WHAT IS NEEDED –
All the lines below should appear again unchanged, though their pictures should not.

DATA SECTION –
===
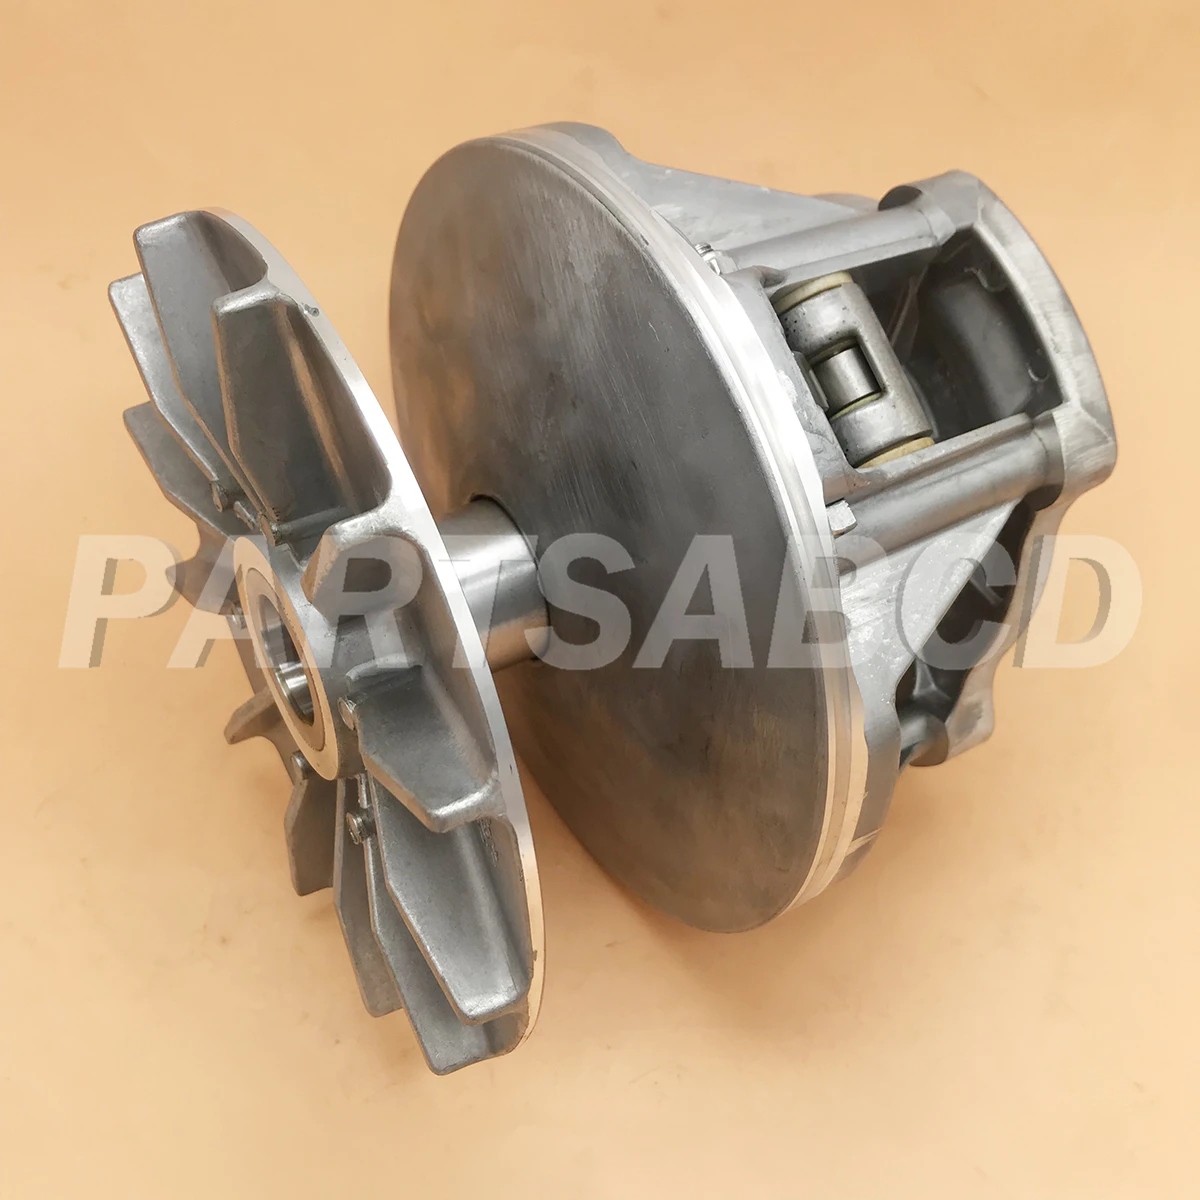 Полный комплект приводного сцепления для Polaris Sportsman 500 CVT приводной шкив первичный Привод сцепления 1996-2013
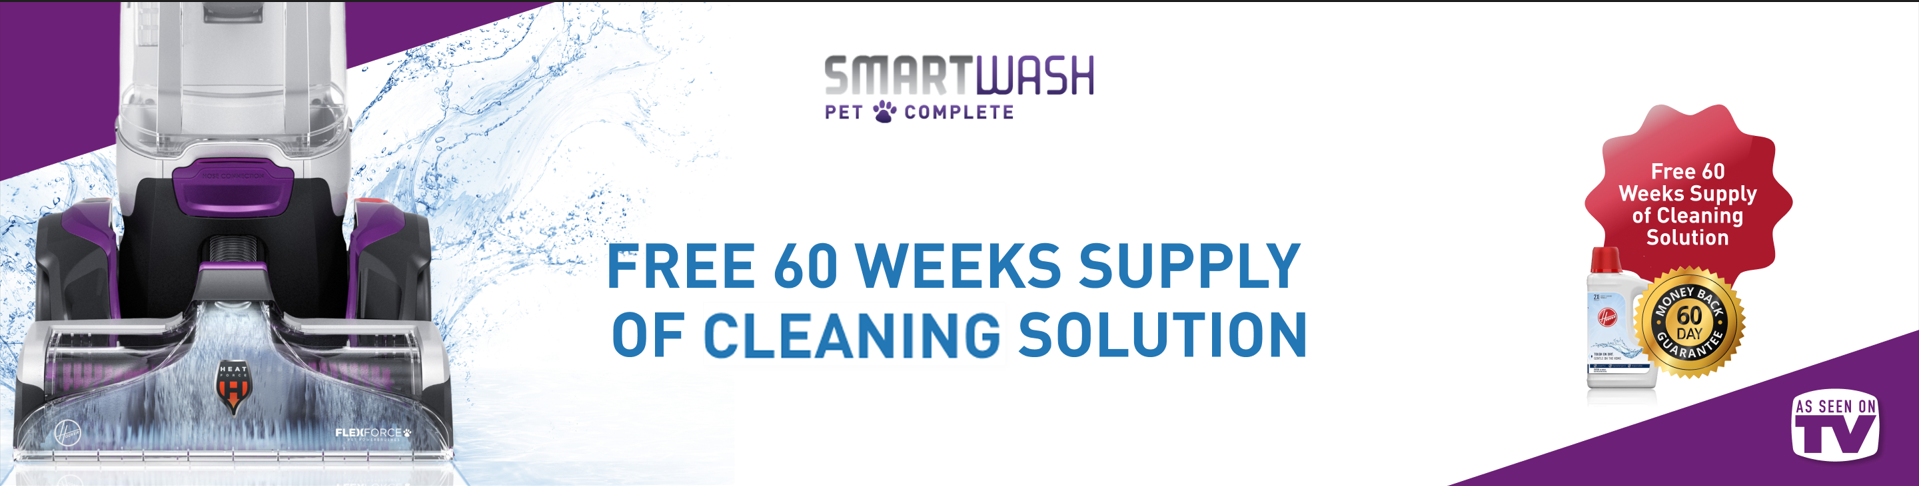 Hoover SmartWash Pet Complete Carpet Cleaner
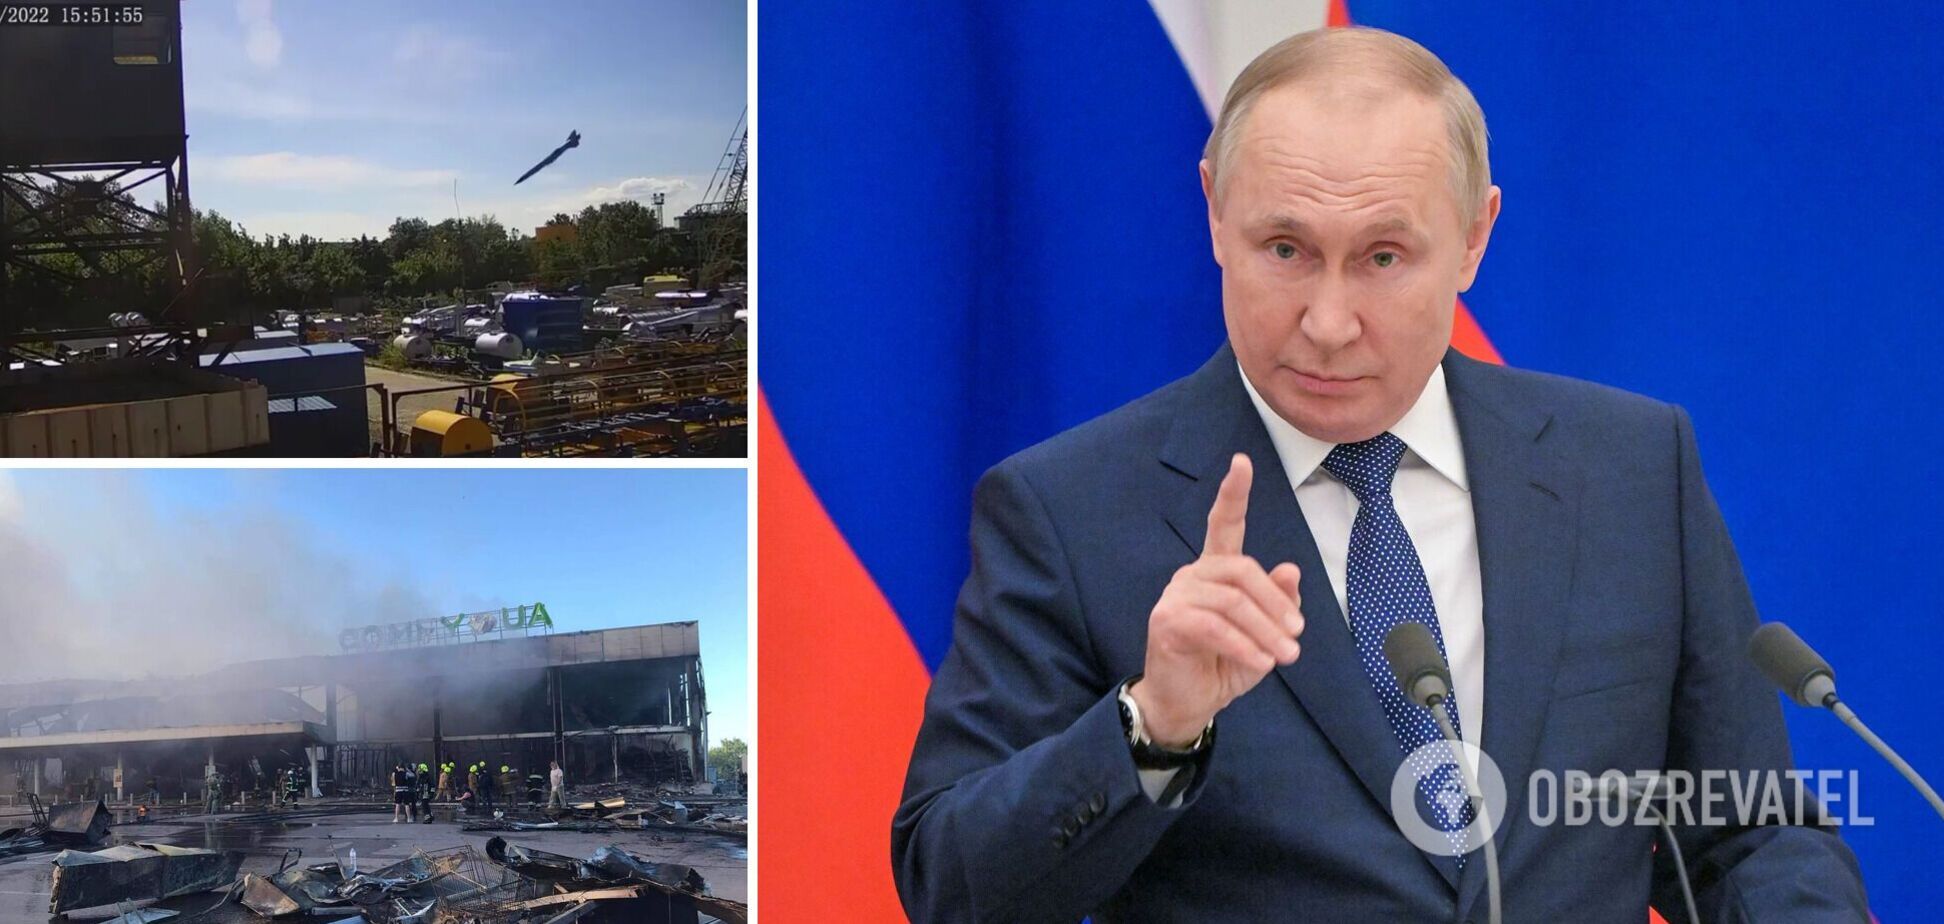 Путин: теракта в Кременчуге не было, армия РФ не бьет по гражданским объектам
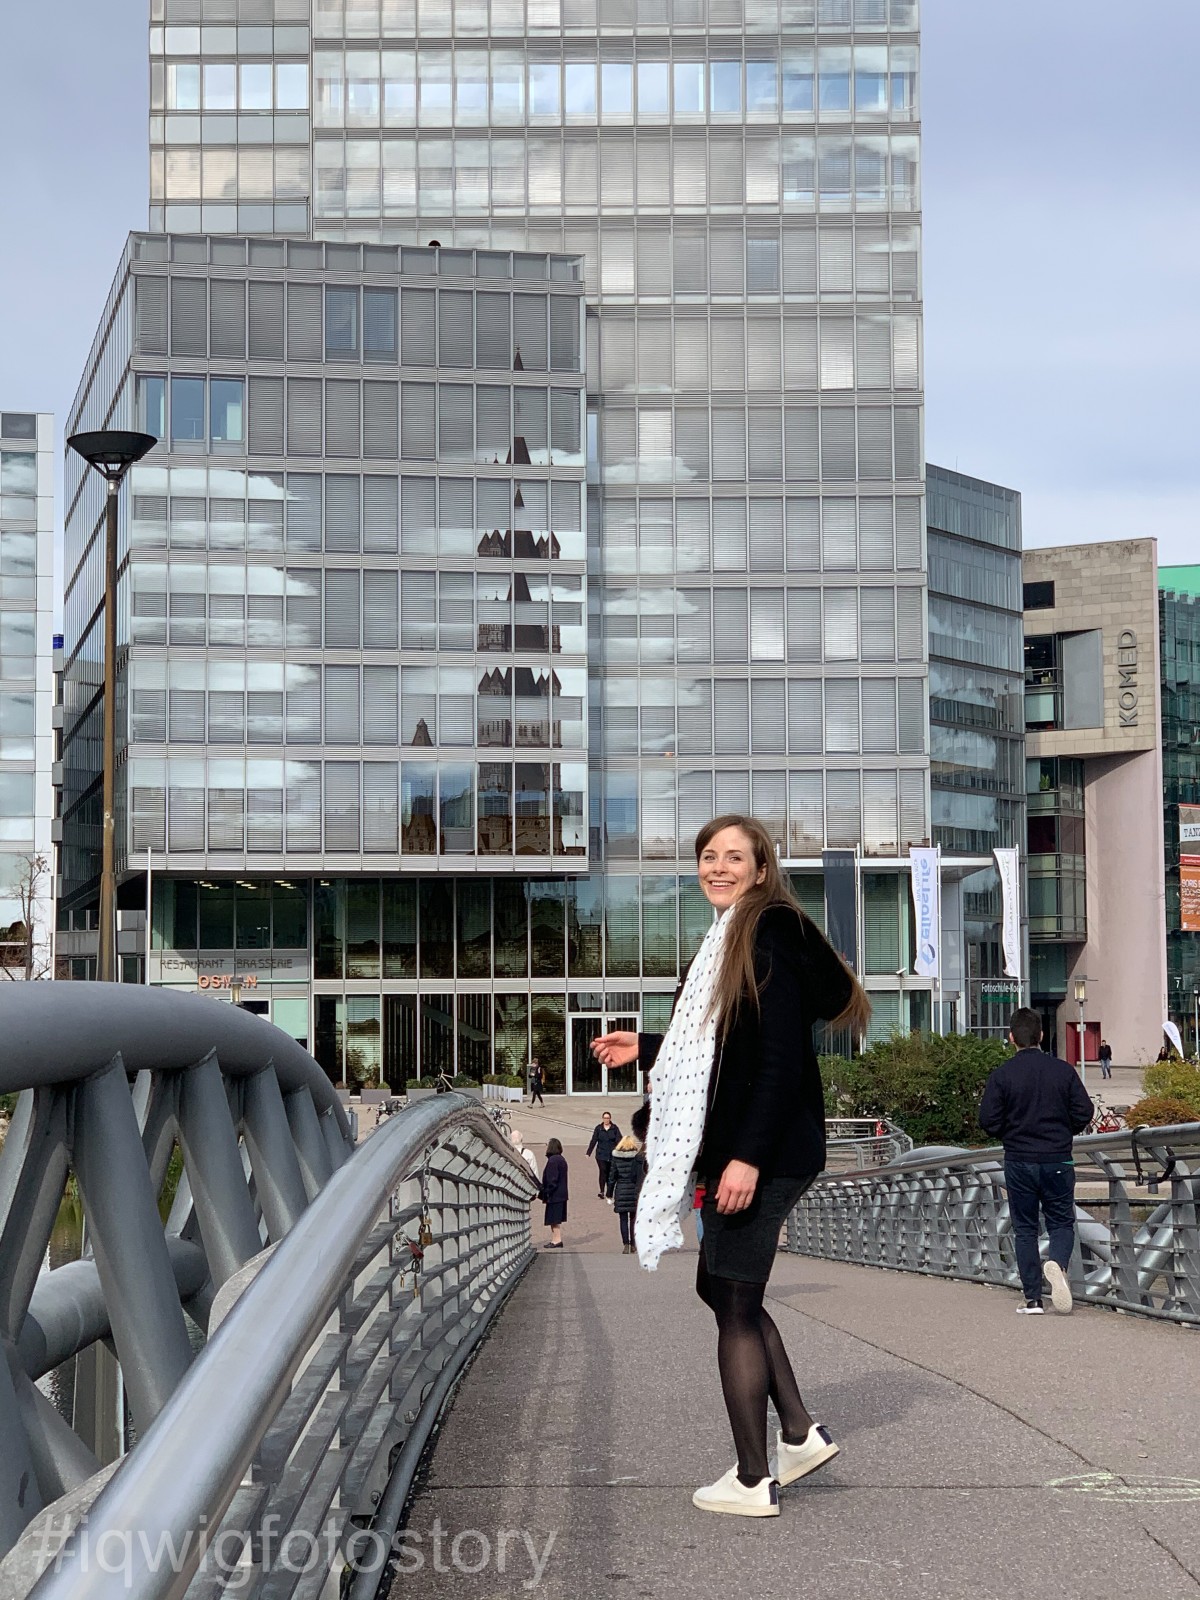 IQWiG-Mitarbeiterin Vanessa steht auf einer Brücke und lächelt freundlich in die Kamera. Im Hintergrund ist ein Gebäude mit Glasfassade.
===
TASK RESPONSE –
 Полный комплект приводного сцепления для Polaris Sportsman 500 CVT приводной шкив первичный Привод сцепления 1996-2013
 Hoover SmartWash Pet Complete Carpet Cleaner
 Путин: теракта в Кременчуге не было, армия РФ не бьет по гражданским объектам
 IQWiG-Mitarbeiterin Vanessa steht auf einer Brücke und lächelt freundlich in die Kamera. Im Hintergrund ist ein Gebäude mit Glasfassade.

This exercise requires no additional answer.